■ **TASK**:
The records below must be reproduced in full and without error.

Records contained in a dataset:
★ ★ ★ ★
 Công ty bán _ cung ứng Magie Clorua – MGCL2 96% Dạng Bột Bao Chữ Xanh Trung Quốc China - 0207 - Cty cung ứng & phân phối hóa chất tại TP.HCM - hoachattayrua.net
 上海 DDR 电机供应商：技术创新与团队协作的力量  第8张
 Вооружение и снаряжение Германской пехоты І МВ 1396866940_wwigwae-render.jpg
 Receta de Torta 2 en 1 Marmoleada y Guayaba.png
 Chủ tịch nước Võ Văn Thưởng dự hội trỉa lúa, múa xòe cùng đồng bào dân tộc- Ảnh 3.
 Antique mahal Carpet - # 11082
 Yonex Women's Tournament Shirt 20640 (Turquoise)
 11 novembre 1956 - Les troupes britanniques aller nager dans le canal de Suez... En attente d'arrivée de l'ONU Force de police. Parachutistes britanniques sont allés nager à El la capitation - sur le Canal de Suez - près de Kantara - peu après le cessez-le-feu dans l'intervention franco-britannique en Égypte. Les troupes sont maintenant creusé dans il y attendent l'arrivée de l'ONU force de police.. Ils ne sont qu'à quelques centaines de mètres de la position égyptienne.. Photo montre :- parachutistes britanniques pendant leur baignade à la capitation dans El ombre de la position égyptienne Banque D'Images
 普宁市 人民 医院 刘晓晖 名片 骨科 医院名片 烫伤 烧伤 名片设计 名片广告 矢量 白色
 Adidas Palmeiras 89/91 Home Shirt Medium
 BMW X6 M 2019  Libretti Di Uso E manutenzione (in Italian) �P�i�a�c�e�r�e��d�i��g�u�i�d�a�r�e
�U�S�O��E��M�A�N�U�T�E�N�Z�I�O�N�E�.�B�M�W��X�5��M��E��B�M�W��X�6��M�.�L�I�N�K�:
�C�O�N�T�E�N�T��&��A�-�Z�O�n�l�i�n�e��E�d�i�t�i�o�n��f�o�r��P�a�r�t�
★ ★ ★ ★
■ **PROBLEM SOLUTION**:
 Công ty bán _ cung ứng Magie Clorua – MGCL2 96% Dạng Bột Bao Chữ Xanh Trung Quốc China - 0207 - Cty cung ứng & phân phối hóa chất tại TP.HCM - hoachattayrua.net
 上海 DDR 电机供应商：技术创新与团队协作的力量  第8张
 Вооружение и снаряжение Германской пехоты І МВ 1396866940_wwigwae-render.jpg
 Receta de Torta 2 en 1 Marmoleada y Guayaba.png
 Chủ tịch nước Võ Văn Thưởng dự hội trỉa lúa, múa xòe cùng đồng bào dân tộc- Ảnh 3.
 Antique mahal Carpet - # 11082
 Yonex Women's Tournament Shirt 20640 (Turquoise)
 11 novembre 1956 - Les troupes britanniques aller nager dans le canal de Suez... En attente d'arrivée de l'ONU Force de police. Parachutistes britanniques sont allés nager à El la capitation - sur le Canal de Suez - près de Kantara - peu après le cessez-le-feu dans l'intervention franco-britannique en Égypte. Les troupes sont maintenant creusé dans il y attendent l'arrivée de l'ONU force de police.. Ils ne sont qu'à quelques centaines de mètres de la position égyptienne.. Photo montre :- parachutistes britanniques pendant leur baignade à la capitation dans El ombre de la position égyptienne Banque D'Images
 普宁市 人民 医院 刘晓晖 名片 骨科 医院名片 烫伤 烧伤 名片设计 名片广告 矢量 白色
 Adidas Palmeiras 89/91 Home Shirt Medium
 BMW X6 M 2019  Libretti Di Uso E manutenzione (in Italian) �P�i�a�c�e�r�e��d�i��g�u�i�d�a�r�e
�U�S�O��E��M�A�N�U�T�E�N�Z�I�O�N�E�.�B�M�W��X�5��M��E��B�M�W��X�6��M�.�L�I�N�K�:
�C�O�N�T�E�N�T��&��A�-�Z�O�n�l�i�n�e��E�d�i�t�i�o�n��f�o�r��P�a�r�t�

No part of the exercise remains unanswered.